The template below is for creating regular NPCs.

*Inquisitor NPC*
Power Source: Divine. Role: Controller (Leader)
Defenses: +2 Will
Hit Points: 8 per level + Constitution score
Weapon Proficiency: Simple weapons, Katar
Armor Proficiency: Cloth, leather, hide
Trained Skills: Intimidate, plus one skill from the cleric class list
Class Features: Channel Divinity, Interrogator, burning hands, Implement Holy symbol
Powers: Inquisitors gain cleric prayers.


*Inquisitor Special Abilities*
Inquisitors do not get the Turn Undead and Divine Fortune features of Channel Divinity. Instead they get Rebuke Magic and Reactive Countermagic. Inquisitors are not particularly devoted to healing. Instead of Healing Lore they get Interrogator, which grants a +2 bonus to Intimidate and +1 to attack rolls on powers with the Fear keyword. Instead of healing word they get a special version of burning hands.

Channel Divinity: Reactive Countermagic Cleric Feature
The inquisitor's faith and special training protects him from magic.
Encounter * Divine
Immediate Reaction Personal
Trigger: When hit by a spell or prayer.
Effect: The spell or prayer misses.

Channel Divinity: Rebuke Magic Cleric Feature
You burn magic users with your faith, push them back and root them in place.
Encounter * Divine, Implement, Fire
Standard Action Close burst 2 (5 at 11th level, 8 at 21st level)
Target: Each creature with an arcane or divine powersource class in burst
Attack: Wisdom vs. Fortitude
Hit: 1d10 + Wisdom modifier fire damage, and you push the target a number of squares equal to 3 + your Charisma modifier.

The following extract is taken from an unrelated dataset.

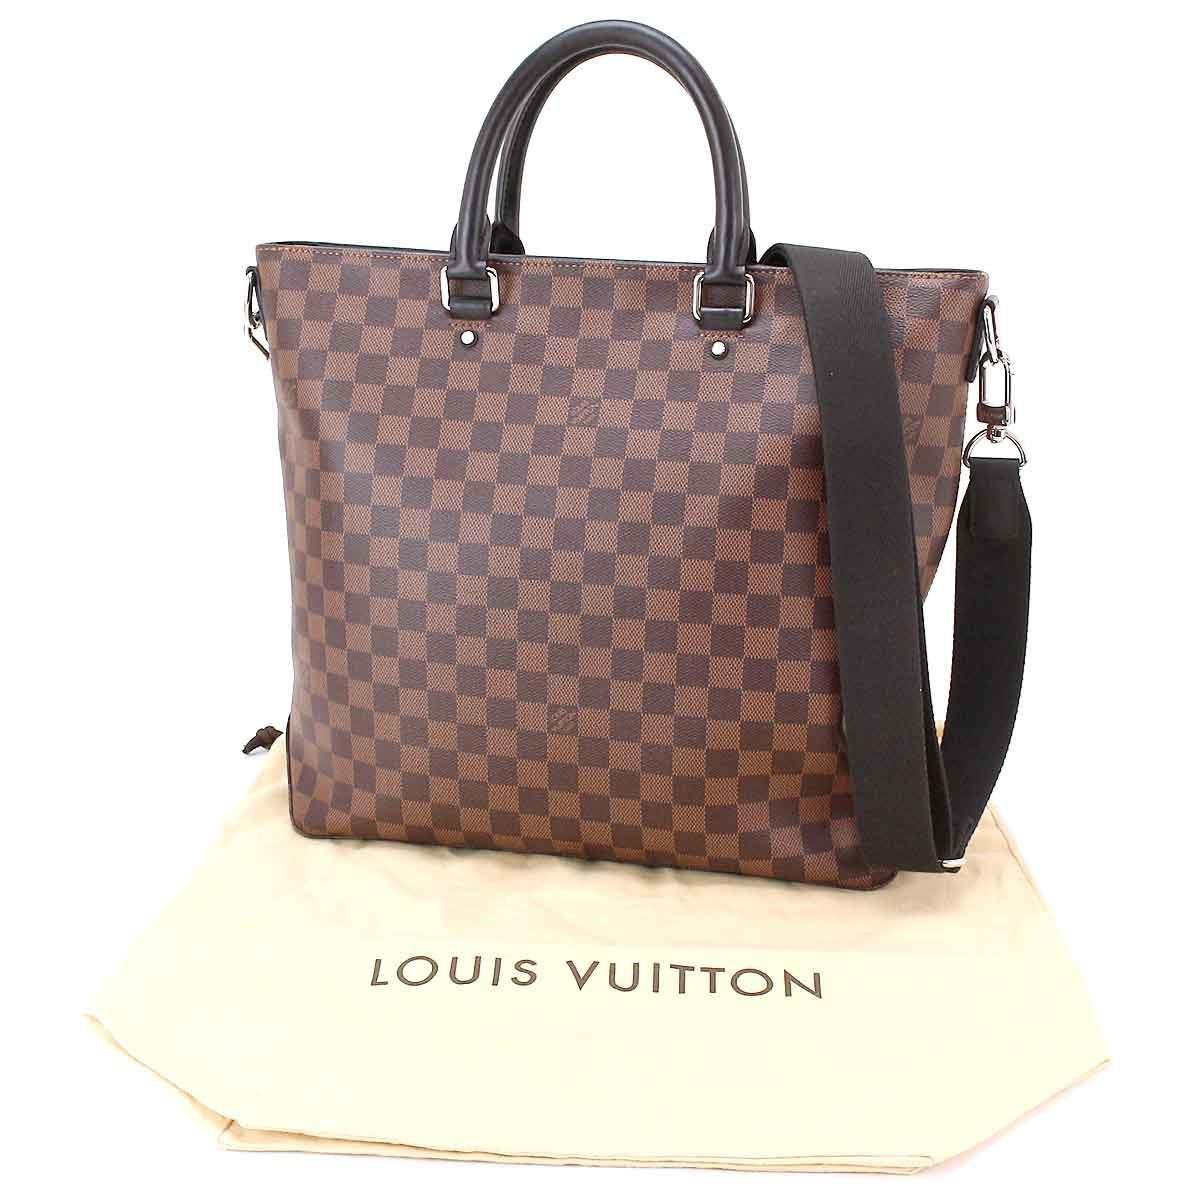 Lyst - Louis Vuitton Damier Ebene Jake Tote 2way Shoulder Tote Bag ... 4609736315714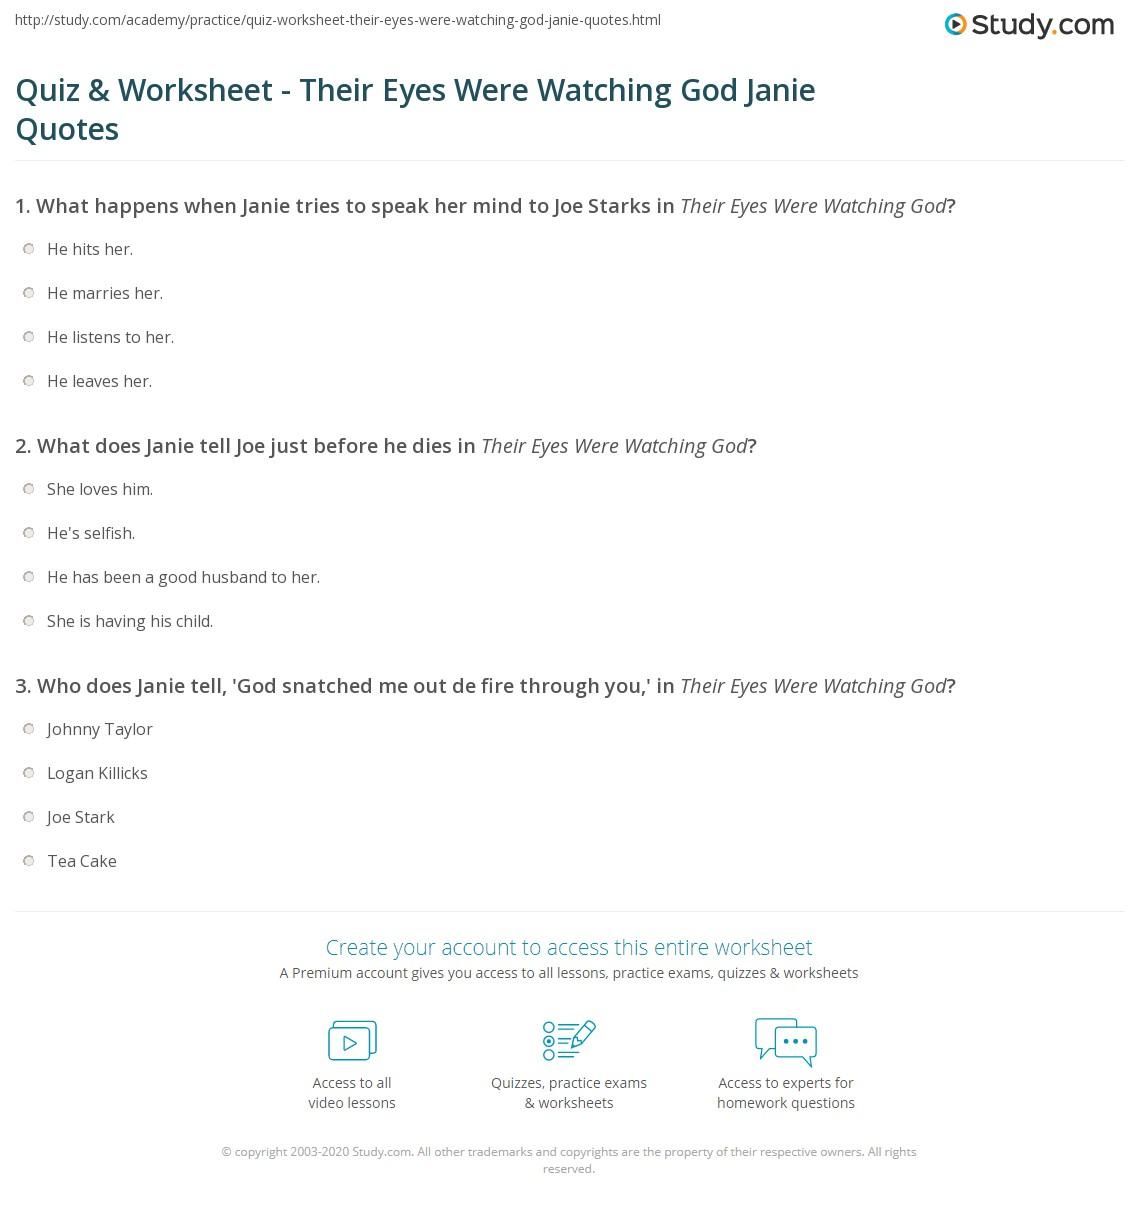 Quiz Worksheet Their Eyes Were Watching God Janie Quotes Studycom

The target is immobilized until the end of your next turn.
Increase damage to 2d10 + Wisdom modifier at 5th level, 3d10 + Wisdom modifier at 11th level, 4d10 + Wisdom modifier at 15th level, 5d10 + Wisdom modifier at 21st level, and 6d10 + Wisdom modifier at 25th level.
Miss: Half damage, and the target is not pushed or immobilized.

Burning Hands Inquisitor Feature
A fierce burst of flame erupts from your hands and scorches nearby foes.
Encounter (special) * Divine, Fire, Implement
Special: You can use this power twice per encounter, but only once per round. At 16th level you can use this power three times per encounter.
Standard Action Close blast 5
Target: Each creature in blast
Attack: Wisdom vs. Reflex
Hit: 2d6 + Wisdom modifier fire damage.
Increase the damage to 3d6 at 11th level and 5d6 at 21st level.



I would have preferred a unique and better name for the Burning Hands power but I'm in a hurry.


----------



## Zinovia (Jun 28, 2008)

Fredrik Svanberg said:


> I would have preferred a unique and better name for the Burning Hands power but I'm in a hurry.




Cleansing Fire perhaps?  

Nice work, thanks for sharing it.


----------